Глава седьмаяВ планы младшего Бонапарта не входило выступать имеете с братом в поход против России. Разве ему наскучило веселое и привольное житье в Касселе?
Слов нет, сей небольшой германский городок – не Париж. Однако и не дикие края России, разбросавшей свои пространства, как утверждали путешественники, аж за пределы Северного полярного круга. Его Вестфальское королевство – центр Европы, куда сходятся все дороги из ближних и дальних стран. Но главное все же в том, что он в сей германской земле – король. И все, чего только не пожелает его королевское величество, – тотчас к его услугам и к его королевскому удовольствию.
Впрочем, лет пять назад Жером Бонапарт ни о чем подобном и мечтать не мог. Родился и рос в бедной семье, рано оставшейся без отца. Наверное, главной статьей пропитания у матери многочисленного семейства Летиции были обязанности прачки, а у босоногих сорванцов – Жерома и сестер Каролины и Полины – промысел в чужих садах. И если бы не забота Наполеона, вышедшего из Бриеннской офицерской школы в чине лейтенанта и отдававшего большую часть своего скудного жалованья матери, семья могла бы пойти по миру.

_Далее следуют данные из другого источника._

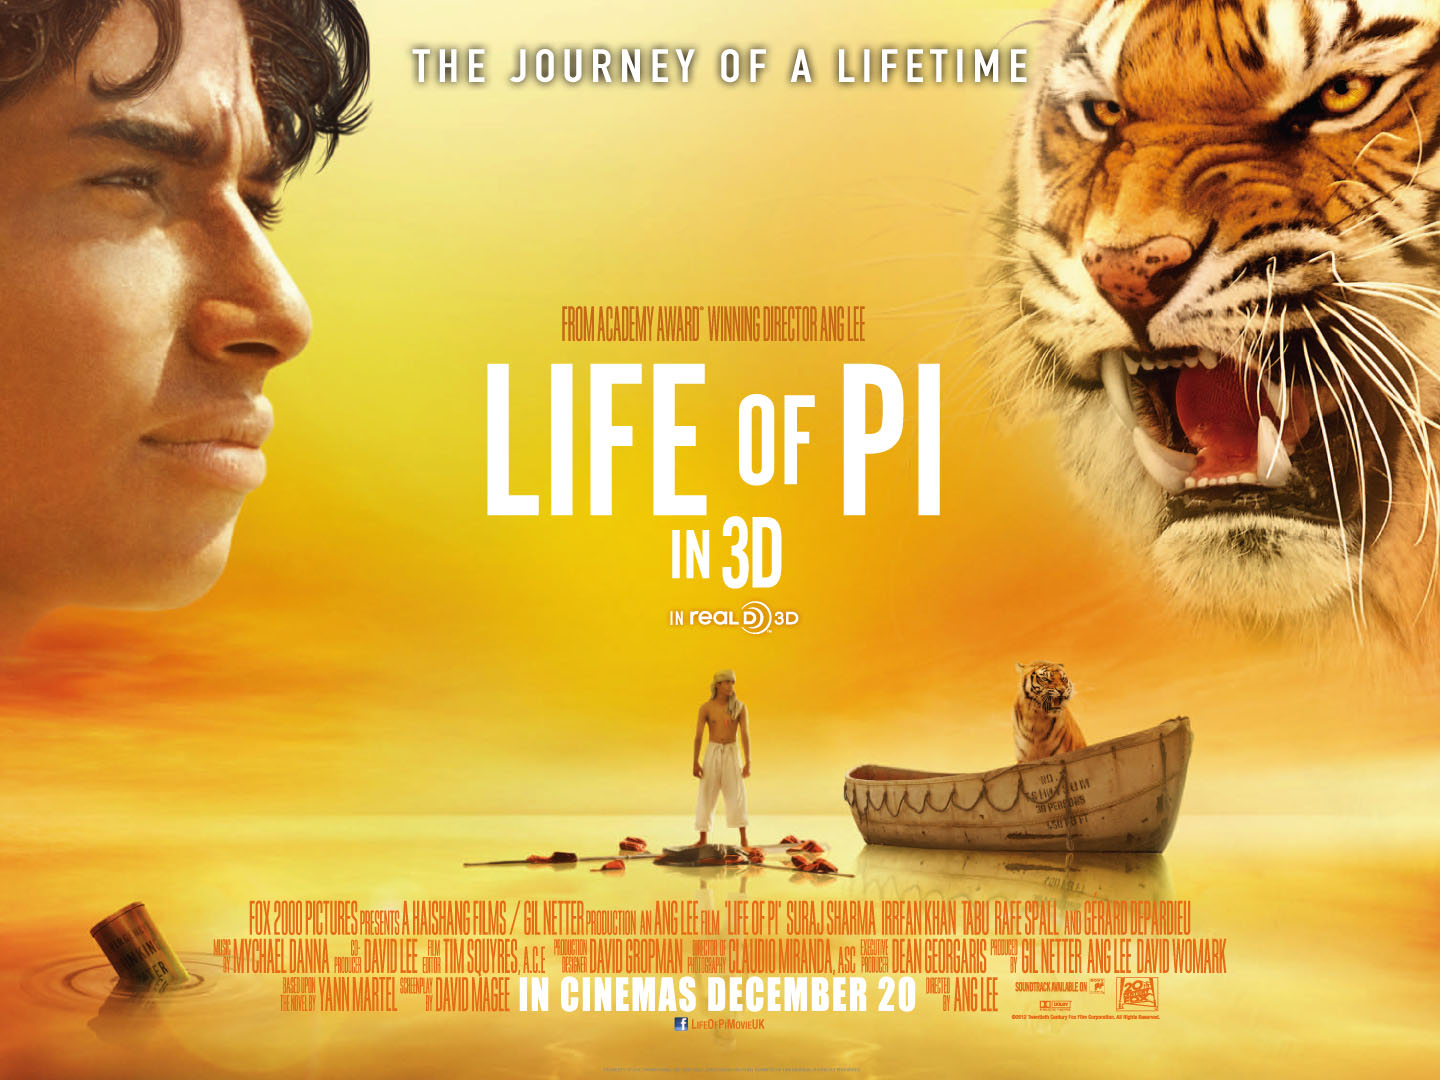 life of pi movie tiger

Босоногое детство, может, не столько закалило, сколько подсказало: надо самим искать жизненный путь. В сем убеждал и пример брата, быстро шагнувшего от лейтенанта к капитану, а с этого, не такого уж великого чина прямо к званию бригадного генерала.
Еще не достигнув совершеннолетия, ловкий и шустрый Жером нанялся в Марселе на судно, идущее в Северную Америку. И там, в Балтиморе, женился на некой девице Элизабет Петерсон, которая вскоре подарила ему сына.
У всех Бонапартов склонность к бесшабашным и смелым, а вернее сказать, к авантюрным поступкам, видимо, была не последнею чертою характера. Только у старших – у Жозефа, Наполеона и у Люсьена – черта сия разумно согласовалась со здравым расчетом и, как особенно у тех же Наполеона и Люсьена да у старшей сестры Элизы, с неимоверным трудолюбием, унаследованным от матери.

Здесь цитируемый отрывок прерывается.